At 3 mo, no statistically significant association was found between the time of the first or second vaccination and anti-EBOV GP1,2 IgG antibody levels (Table E and Figs L to P in S2 Text).
Discussion
Using data from the large PREVAC randomized trial, which assessed EVD vaccination strategies in Western Africa, this study identified an association between the time in the day of first vaccination and the anti-EBOV GP1,2 IgG antibody levels at 12 mo, based on pooled data from the three vaccine arms. In contrast, no significant association was found for the time of second vaccination. Secondary analyses at 28 d and 3 mo revealed the absence of significant associations, except in the Ad26-MVA arm at 28 d. Overall, the findings suggest a potential influence from the circadian rhythm, with slightly stronger antibody responses estimated when vaccination occurred in the morning compared to the afternoon. However, the role of the circadian rhythm seems modest and likely to have minimal effect on antibody levels.
To our knowledge, this study is the first to investigate this association between the time of vaccination and the immune response in the context of EVD vaccines. To date, only a limited number of epidemiological studies have explored this relationship across different vaccines and pathogens. Several studies on vaccines against influenza, tuberculosis, and coronavirus disease 2019 reported stronger serological responses when administered in the morning compared to those given in the afternoon or evening, aligning with the trends observed in our results [20–25]. The underlying mechanisms for this phenomenon likely stem from the immune system’s dependence on time of day, exhibiting 24-h rhythmicity both at rest and during activation. While the circadian rhythmicity of the adaptive immune system has been less extensively studied than that of the innate immune system, several key mechanisms have been identified.
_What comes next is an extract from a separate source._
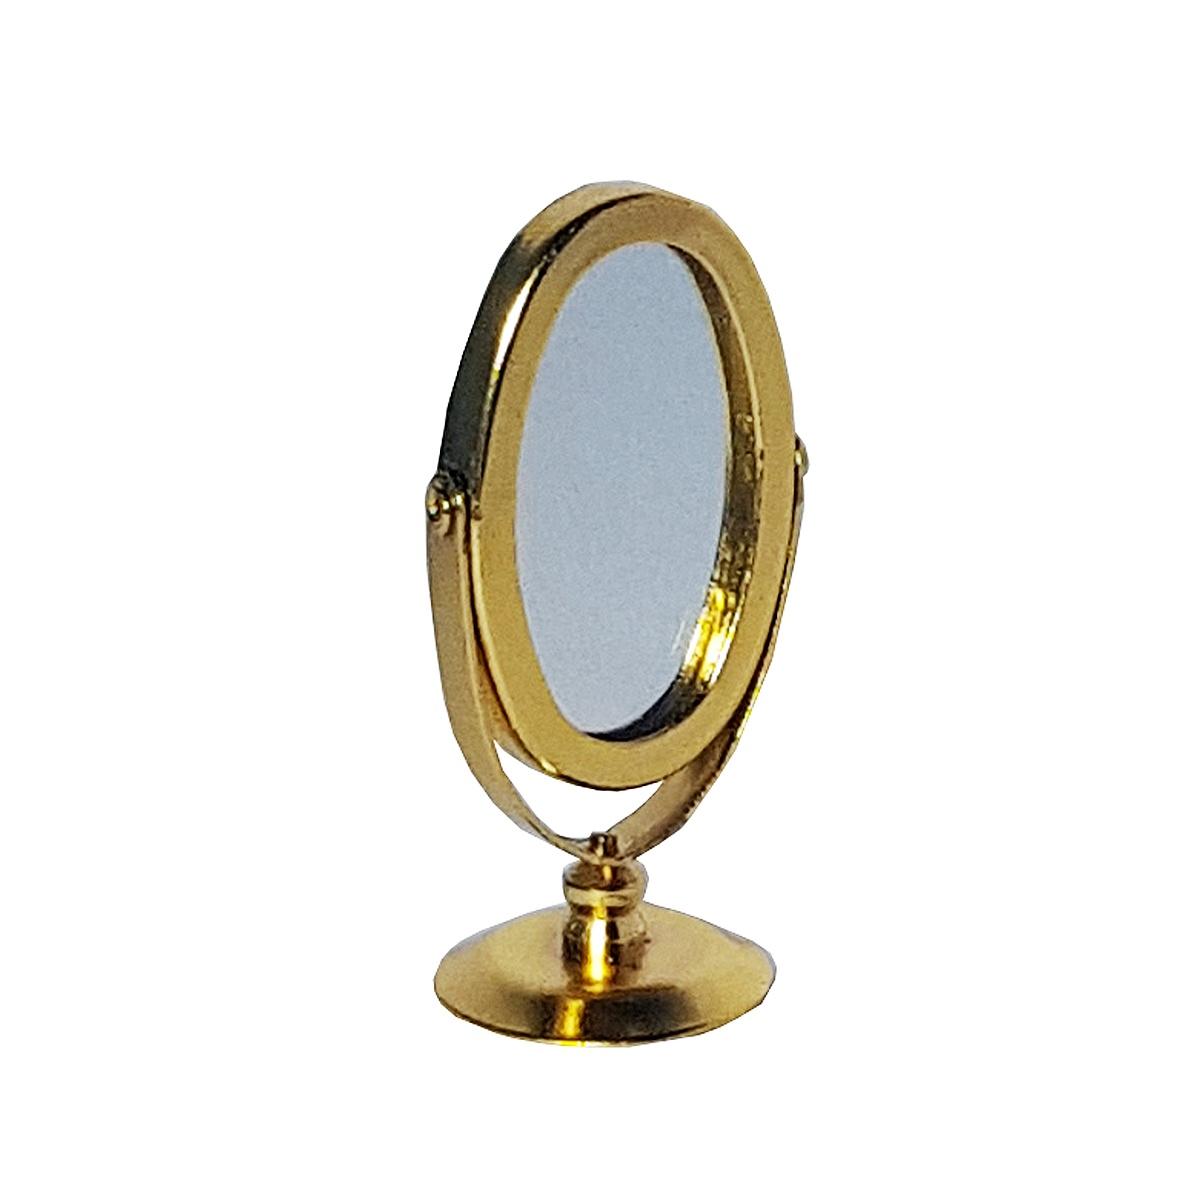 Ovaler Tischspiegel

Among other factors, these include the trafficking of B and T lymphocytes, the regulation of T-cell activation and proliferation, and the influence of clock genes on gene expression [39]. Notably, the circadian clock of CD8+ T cells plays a role in regulating the vaccine response. It shapes the gene expression program of these cells, making them more receptive to enhanced activation and proliferation, depending on the time of day [40,41]. Additionally, another underlying hypothesis suggests that low exposure to ambient light, via the retinohypothalamic projections to the suprachiasmatic nucleus in the brain, leads to a reduced amplitude of rest–activity cycles and possibly other circadian rhythms, which may, in turn, result in lower production of specific antibodies [42].
However, the findings from epidemiological studies are inconsistent, with several studies reporting negative results or even opposite trends, such as increased anti-spike-protein antibody responses to vaccination against coronavirus disease 2019 in individuals inoculated later in the day [26,27]. It is important to note that the evidence largely stems from observational studies with exploratory analyses, which are subject to several methodological limitations. These include a lack of statistical power due to reliance on convenience samples and the failure to account for multiple testing corrections. Statistical analyses often treat the time of vaccination as a qualitative variable, with significant heterogeneity in time cutoffs that are frequently arbitrary or unjustified. Moreover, many studies may suffer from residual confounding biases involving factors associated with both the time of vaccination and the immune response [25,28,30,43]. To date, only one large-scale clinical trial with a cluster-randomized design has been conducted, specifically in the context of influenza vaccination [44]. These limitations emphasize the need for robust methodological approaches to study this complex association.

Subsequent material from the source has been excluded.